Hunted (Thursday, BBC1) made a terrific start, but whether the first episode has set the standard for the next seven is another matter — a thriller, after all, has a duty to overwhelm, seduce and deceive with its opening gambit.

This series was not conceived by fluke: anyone with half an eye on Bond, Bourne, Spooks or The Girl with the Dragon Tattoo can see its pedigree, but that is no bad thing, and if its look reminds us of last year’s Scandinavian hits then so much the better. The territory is familiar — international espionage — but we never tire of spies, and these are not the double ‘O’ kind (who save the world every week) but private intelligence ‘operatives’ (who choose which side to play for).

‘Top operative’ Sam Hunter (Melissa George) is confronted, in the opening sequence, by a series of grim-faced men. Lovers? Colleagues? Targets? Who knows. She knocks most of them downstairs, kicks a few in the head and then gets shot. Why? It doesn’t matter — not yet. All we need to know for now is that Hunter’s future, like her past, will be chock-full of incident and that she’s taciturn, secretive and good at running up hills. What’s not to like?

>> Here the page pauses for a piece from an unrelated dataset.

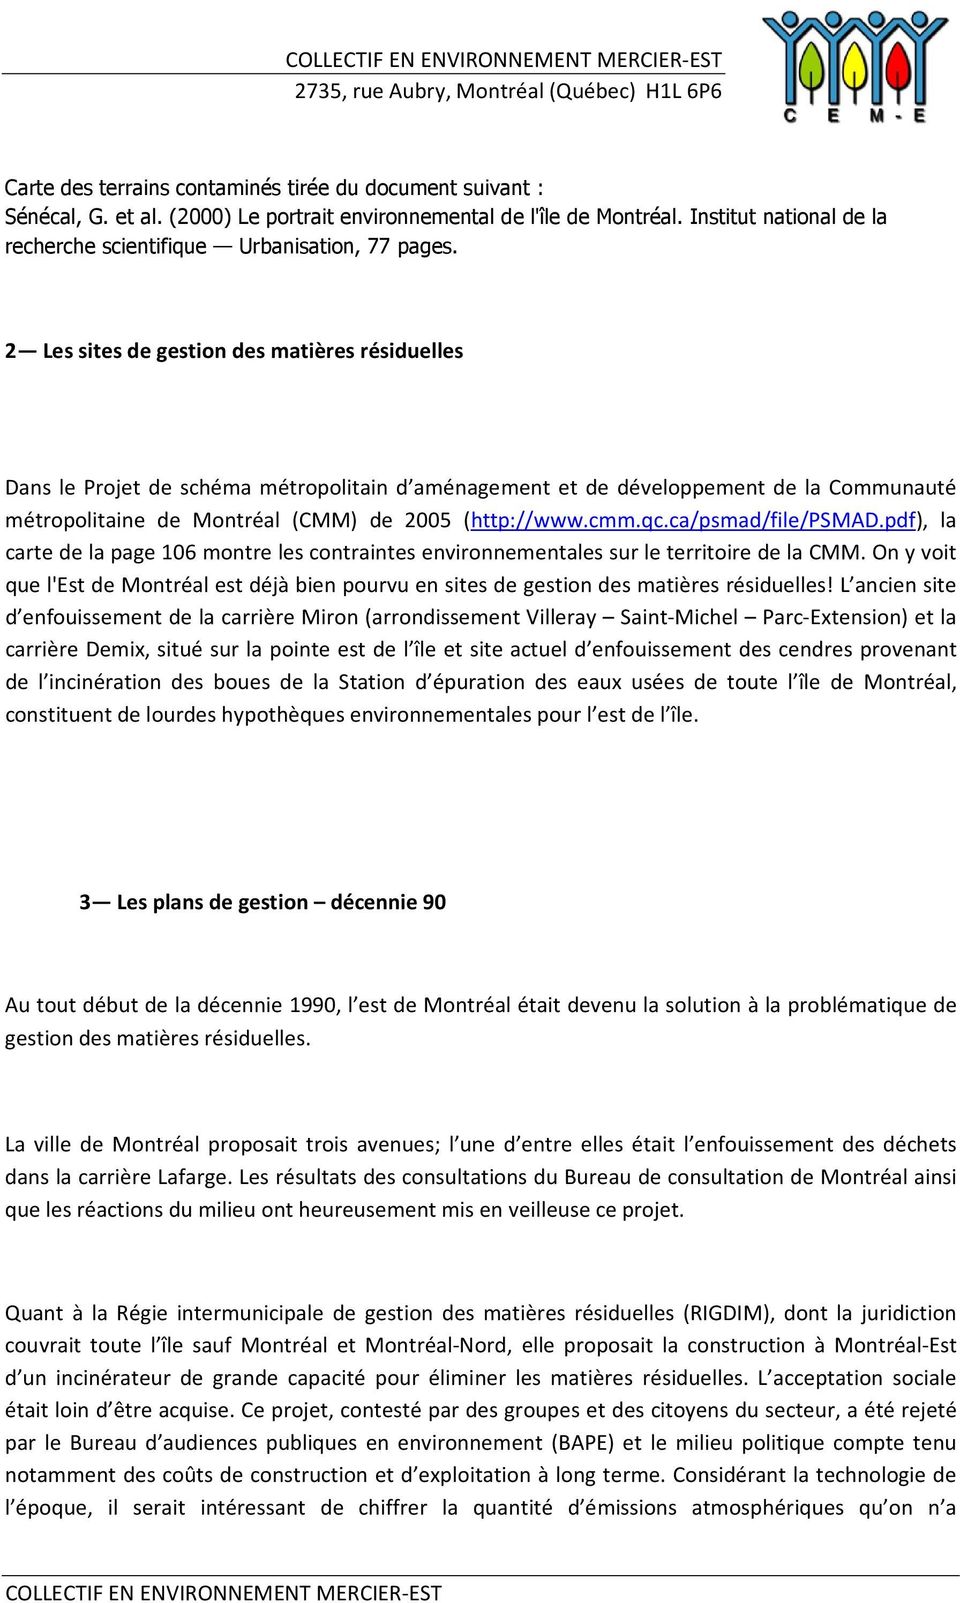 2 Les sites de gestion des matières résiduelles Dans le Projet de schéma métropolitain d aménagement et de développement de la Communauté métropolitaine de Montréal (CMM) de 2005 (http://www.cmm.qc.

Welcome to India (Wednesday, BBC2) is a revelation: a programme about India that has nothing to do with Britain. At last! This film does not contain the words ‘British’ or ‘Empire’ and does not feature a British presenter; it is an authentic, current guide to Indian street life, filmed by the participants with confidence and panache. We are searching for gold in the gutter-dirt of Kolkata; we are crouched in a drinking den on a beach in Mumbai; we are hawking knocked-off paperbacks to commuters in rush-hour traffic. We see resourcefulness, courage and humour that is remarkable, but this is everyday life — only we are the ones astonished. I was put in my place — and happily so — but I was also made to laugh: ‘She is my life partner,’ shrugged a man about his ‘shouty’ wife. ‘She is not my biggest headache.’

I’ve become rather wary of Channel 4 — rather in the way I might be wary of a friendly yet unpredictable drunk — because while sometimes it is the best company in the room, at other times it might be tiresome, dull or downright crazed. Helpfully, each of its presenters personifies a different mood and their programmes are labelled with their names — Heston’s Mission Impossible, Kirstie’s Homemade Home or Ramsay’s Kitchen Nightmares – so that we may brace ourselves for the coming event. This early-warning system, however, has recently failed: Kevin McCloud (the self-effacing soul who has fronted Grand Designs for 13 years) is building a hut in the woods (Kevin McCloud’s Man Made Home, Sunday, Channel 4) and the programme has revealed a different Kevin. His design for an off-grid, ecofriendly cabin may be modest and wholesome, but the ambitions of his television series are positively brazen. ‘The joy of this project,’ trumpets the new Kevin, ‘is that it’s me; it’s mine; I can do what I want.’ The poor man has been kettled at Grand Designs for too long. ‘I’m having the time of my life,’ he announces. ‘Being in a wood, mucking about and lighting fires — it sets my soul on fire.’ Four hours of television from this? Four hours? ‘This is a deliberately slow project,’ Kevin boasts — but it’s the programme, not the project, that seems to be taking for ever.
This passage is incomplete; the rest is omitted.